1° L’égoïsme. Je me fais centre, je rapporte tout à moi, je me suffis. Admettez que je ne parle pas de vous, mes Soeurs, mais depuis trente-cinq ans que je suis grand vicaire, que de prêtres j’ai pu observer qui se suffisent à eux-mêmes! Ils se suffisent par bon caractère, ce qui n’est pas mal; par indépendance, ce qui n’est pas bon; par opposition, et c’est encore moins bien. Je reviens à vous. Une religieuse qui se suffit à elle-même; elle est là, les mains dans ses manches, les yeux baissés, elle n’a pas le temps de contempler l’univers, tant elle est occupée à se contempler elle-même.
Une Supérieure me parlait de certaines religieuses qui, lorsqu’elles ont une idée, préparent pendant huit jours, s’il le faut, ce qu’elles croient nécessaires pour la faire accepter. Ce sont de petites choses, oui, c’est égal, c’est une petite volonté. Elles se font centre. Christus non sibi placuit. (Rom. XV, 3) Jésus-Christ ne s’est pas complu même dans la crèche. Il pouvait prendre le berceau des enfants d’Auguste, mais il ne cherchait autre chose que la pauvreté et l’humilité.
Je voudrais parler ici d’un certain état des religieuses, pas des jeunes ni de celles qui ont assez et bien combattu, mais de celles qui, en combattant, ont été vaincues au dedans et qui attribuent aux autres leurs défauts. Je les appellerai des religieuses désenchantées. Ah! mes Soeurs, que Dieu vous préserve à tout jamais de cet état de religieuse désenchantée! « Dans mon temps, dit-elle, je ne respirais que discipline sanglantes, pénitences au réfectoire, ferveur dans mon lever, ardeur devant le Saint Sacrement; j’ai de l’expérience. » Voyez-vous, c’est dans le coeur de cette religieuse que vous trouveriez l’amandou, s’il n’y en avait plus sur la terre; c’est sec, c’est mort, le feu n’y prendra pas. Ah! pauvre fille d’expérience et de désenchantement!

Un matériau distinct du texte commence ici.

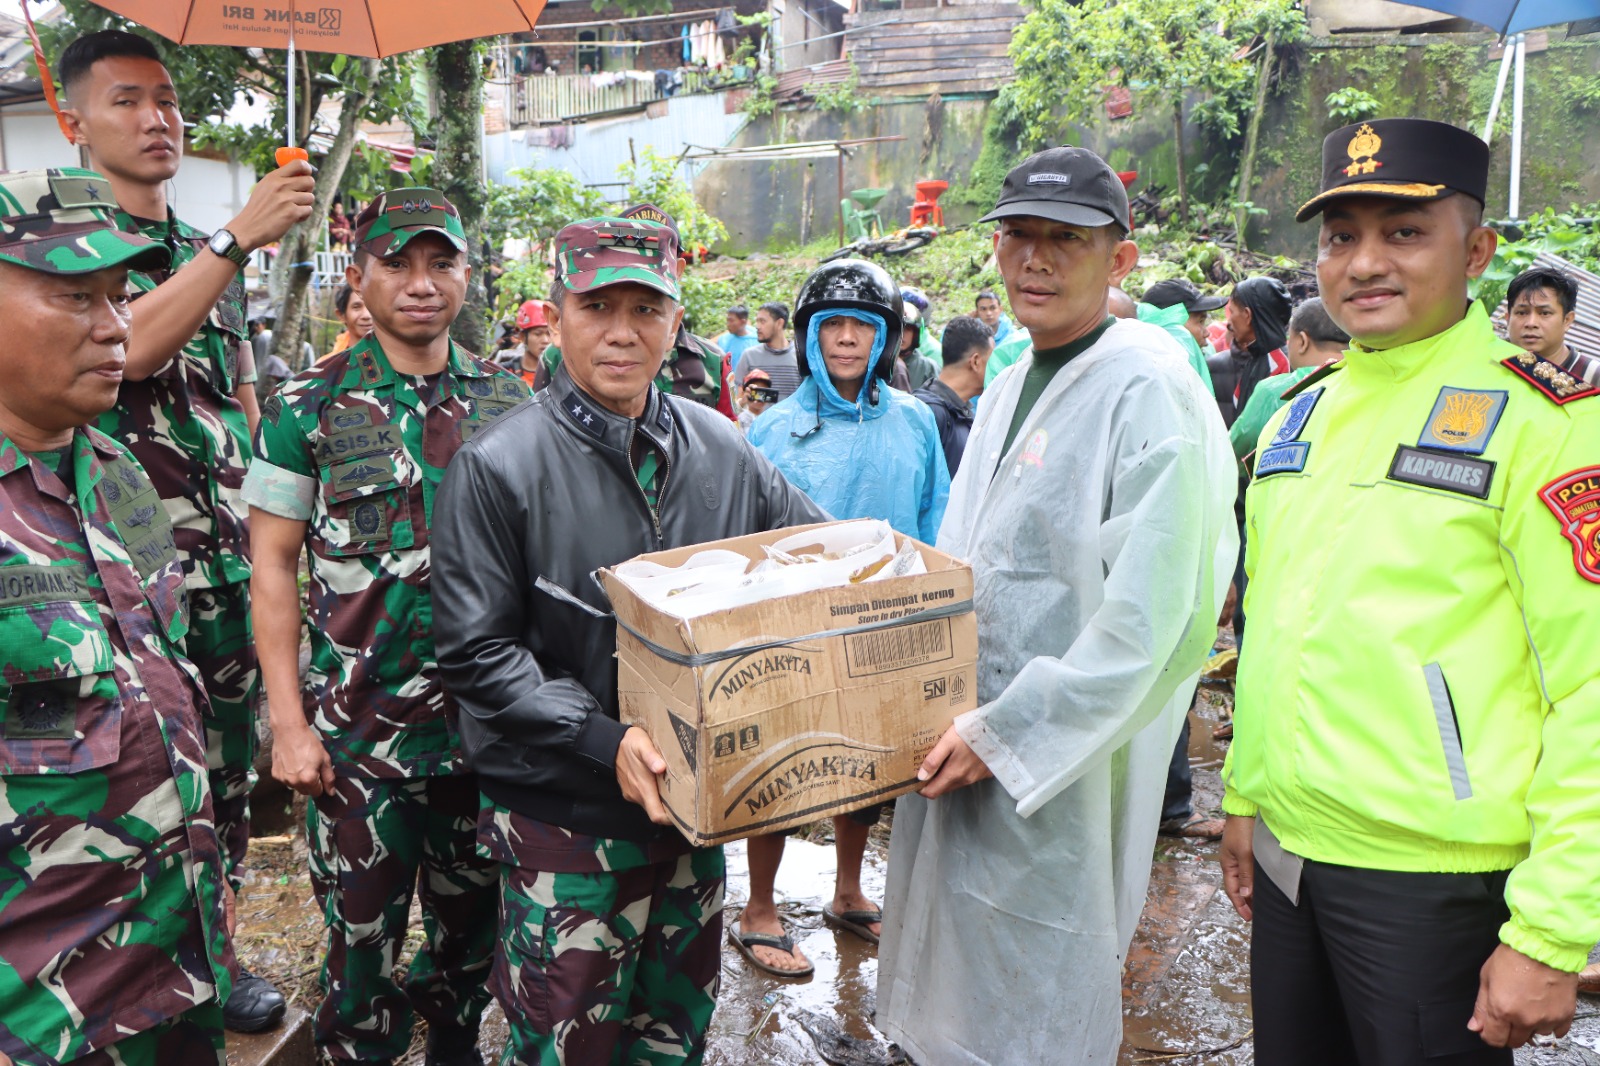 Bersama TNI, Polda Sumsel Evakuasi dan Salurkan Bantuan Kemanusiaan untuk Korban Banjir di Pagaralam dan Lahat

Il y avait quarante siècles que Notre-Seigneur se faisait annoncer par les prophètes, il voyait tout l’enchaînement de sa vie, il savait tout ce qui suivrait sa naissance, l’ingratitude des Juifs, les Messes sacrilèges, les mauvaises Communions; il le savait quand il institua l’Eucharistie avec ce corps même qu’il avait déposé dans la crèche, et pourtant: Verbum caro factum est et habitavit in nobis. (Joan. I, 14.) Notre-Seigneur n’a pas été désenchanté, et je pense que vous admettez bien qu’il avait autant de prudence, de sagesse, de science que la religieuse en question.
Mes filles, si jamais vous rencontrez une religieuse désenchantée, fuyez-la comme la peste, car elle communiquera la peste sinon à votre corps, du moins à votre âme. Et nous, admirons Notre-Seigneur jetant du haut de son éternité un regard sur toutes les ingratitudes qui devaient, dans le cours des siècles, s’exercer à son égard, envisageons le bon Maître qui ne se désenchante pas. Il commence, il ira jusqu’à la fin, il ira toujours. Vous aussi, mes Soeurs, vous avez commencé, vous avez embrassé d’un regard la vie que vous avez voulu choisir; continuez, n’ayez pas peur, ne soyez pas une religieuse désenchantée.
2° Voilà donc le premier obstacle à l’humilité considéré par rapport à nous-mêmes, c’est-à-dire l’égoïsme; le deuxième obstacle se manifeste dans nos rapports avec le prochain, et je l’appellerai un certain amour de domination. Notre-Seigneur est encore là notre Maître dans l’admirable mystère de sa Nativité. Notre-Seigneur vient. Il ne se fait pas centre, il s’anéantit en prenant le corps de l’homme. Et vous, mes Soeurs, ne cherchez- vous pas à avoir votre petite influence, à conserver votre petite place? « Je suis si habile à discerner les vocations au parloir! Je conduisais si bien cette enfant, et voilà que notre Mère la donne a une autre Soeur. » Chacun domine à sa façon, on veut être maître de quelque chose.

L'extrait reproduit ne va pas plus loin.